Да и что я отвечу Королю, если он меня спросит, отчего шведы подрядили лоцманом именнно меня? Придется врать, а вранье далеко не заведет.
Тем паче, что недруги сделают все, дабы правда о
моих деяниях всплыла на поверхность и Государь Польши узнал, кто такой на самом деле Харальд Датчанин. И вот тогда мне не сдобровать…
— Как же я мог забыть! — хлопнул себя ладонью по лбу казак. — Верно, тебя кличут Харальд!
— Если все так, как ты молвишь, то я готов взять тебя на Москву, — кивнул знахарю Дмитрий, — а что скажешь ты, Петр?
— Что тут можно сказать? — тяжко вздохнул Газда. — С одной стороны, я благодарен сему человеку за твое спасение, с другой — не могу простить ему гибель Тура. Как бы там ни было, Харальд приложил руку к смерти моего побратима.
Да и прочих грехов у него, что блох у бродячей собаки. Один Бог ведает, скольку народа он погубил ядом…

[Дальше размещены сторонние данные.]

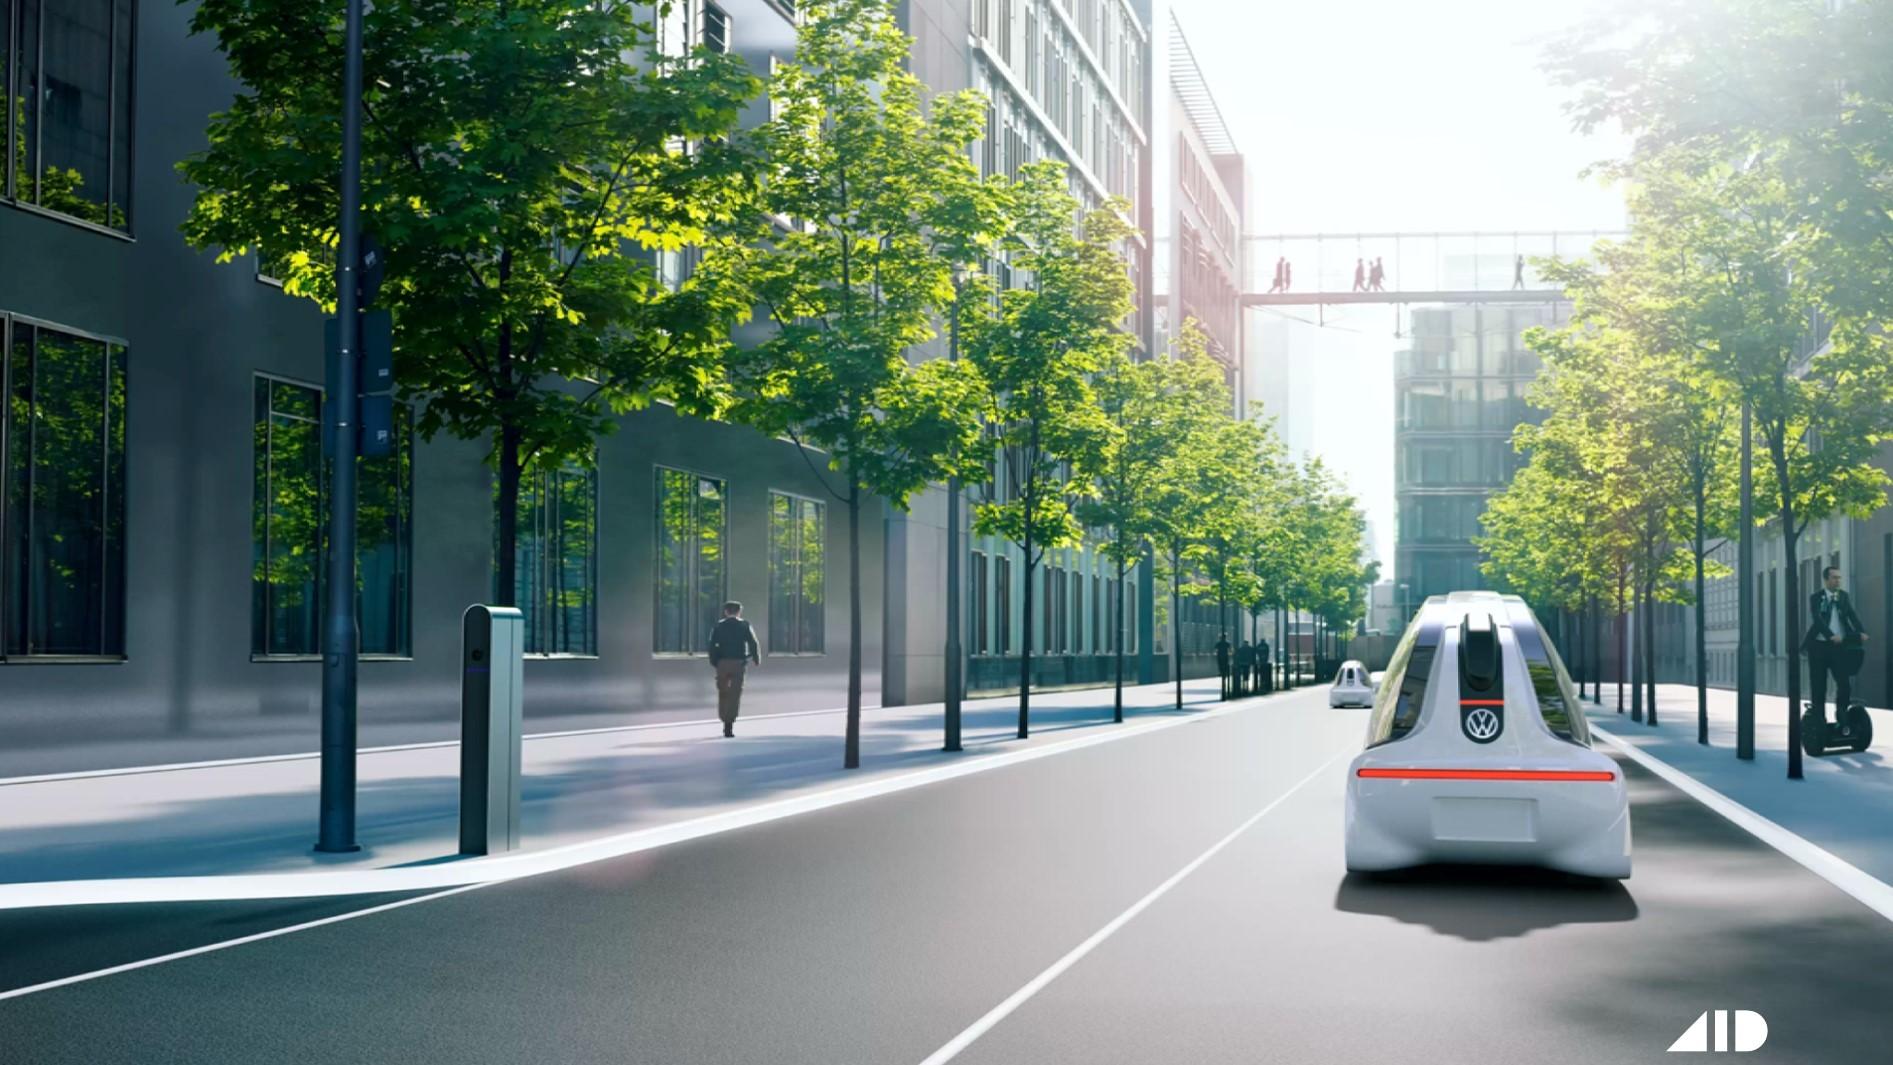 Je avtonomna vožnja le mit, omrežje 5G pa realnost?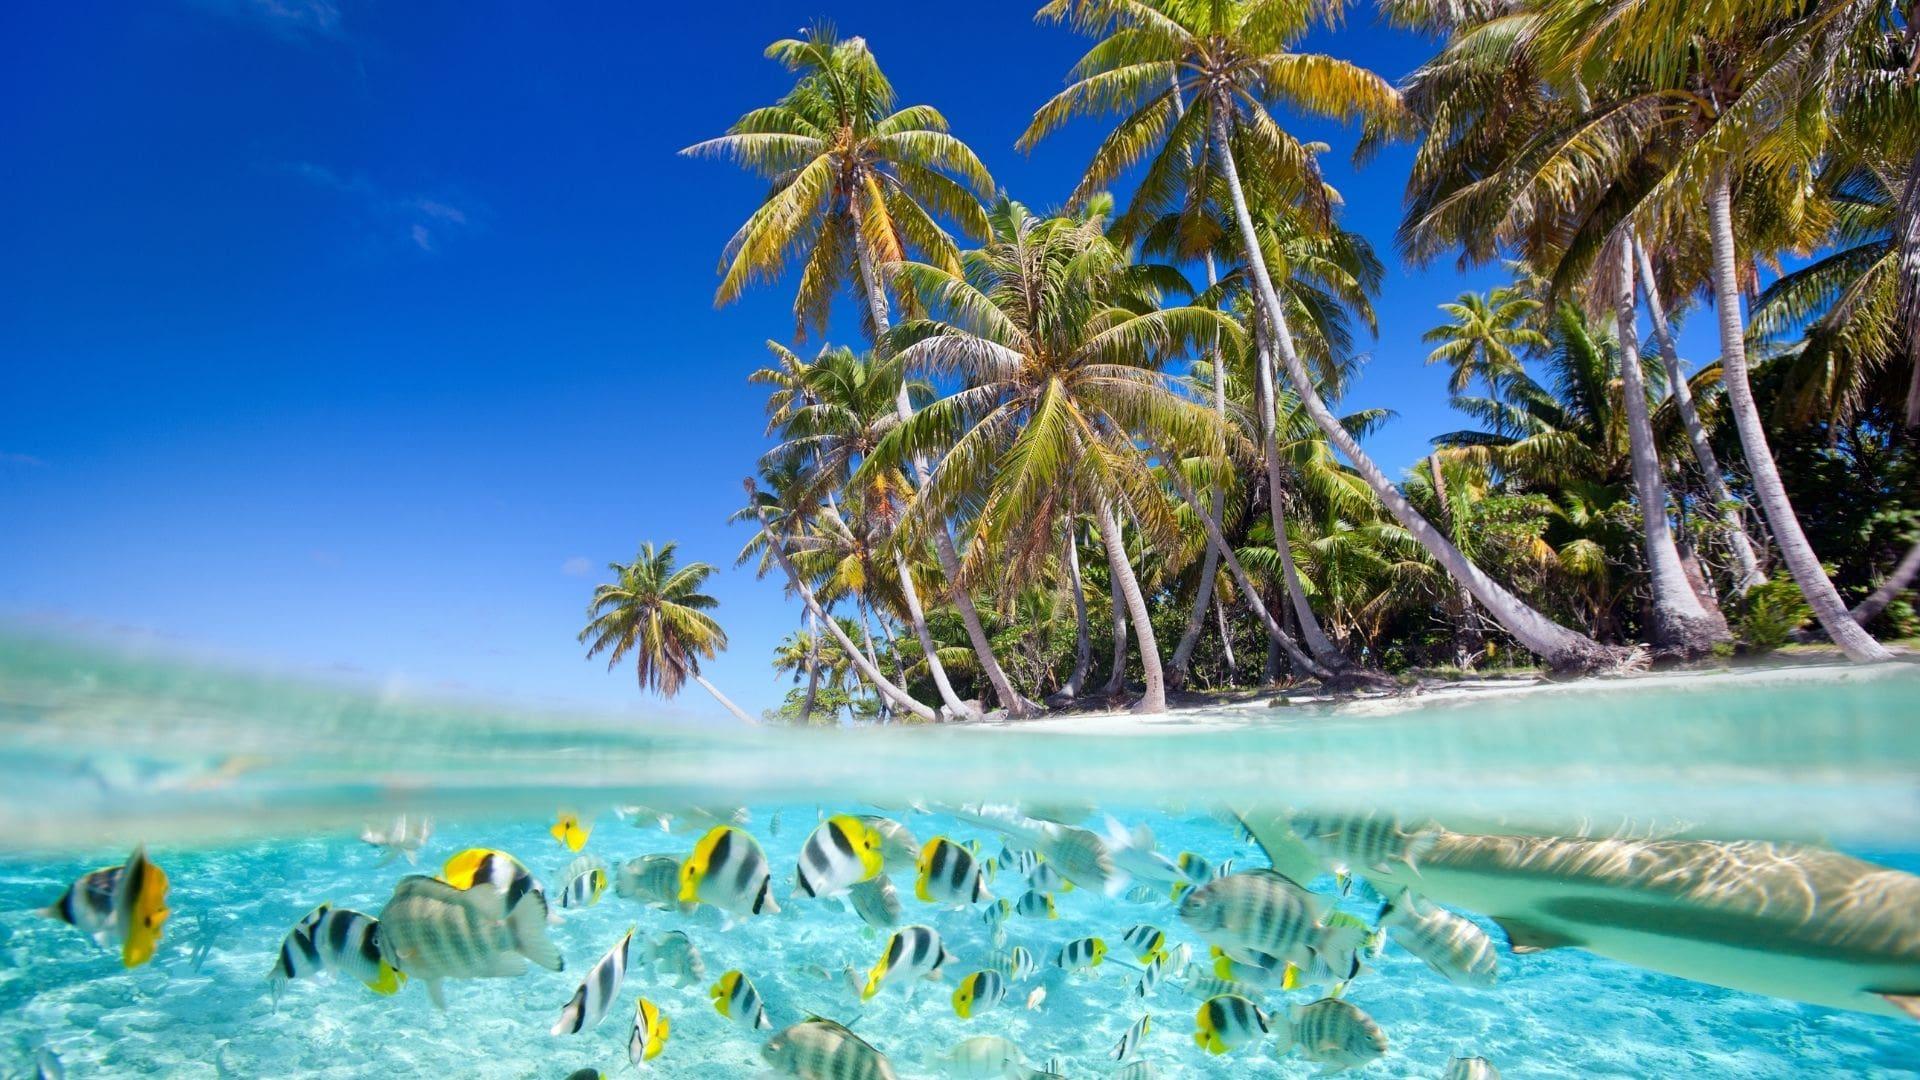 Malediven Strand mit Fischen & Palmen

— С тобой трудно не согласиться… — кивнул ему хозяин схрона.
–
Грехов на мне и впрямь немало. Когда я покину сей мир, то едва ли отправлюсь в рай…
Что ж, боярин, расстанемся здесь. Ты мне ничего не должен. Считай, что я расплатился с тобой за избавление от фон Велля. Жаль только, ты свершил это слишком поздно, и мне не удалось спасти сына…
— Погоди, Харальд! — прервал речь знахаря Бутурлин. — Не спеши. Помнишь, Спаситель рек: «не судите, и да не судимы будете, ибо каким судом судите вы, таким и вас судить будут!»
— Ну и к чему ты сие сказал? — нахмурился Газда.
— К тому, что все мы — не святые, и за каждым из нас грехи бродят чередой. Важно то, что мы свершили, но еще важнее то, что можем свершить в грядущем.
Христос молвил: покаявшийся грешник стоит
десяти праведников. И это так. Тот, кто не падал, не ведает, как трудно подниматься после падения, а тот, кто нашел в себе силы встать, достоин почета.Не нам оценивать грехи сего человека. На это способен лишь Господь. Я хочу лишь напомнить тебе, Харальд, что путь к покаянию для тебя открыт. Тебе одному решать, ступишь ты на него или нет!
— Мыслишь, что я смогу обрести божью благодать? — недоверчиво усмехнулся датчанин. — Боюсь, после всего сотворенного мной Господь оттолкнет меня, как шелудивого пса…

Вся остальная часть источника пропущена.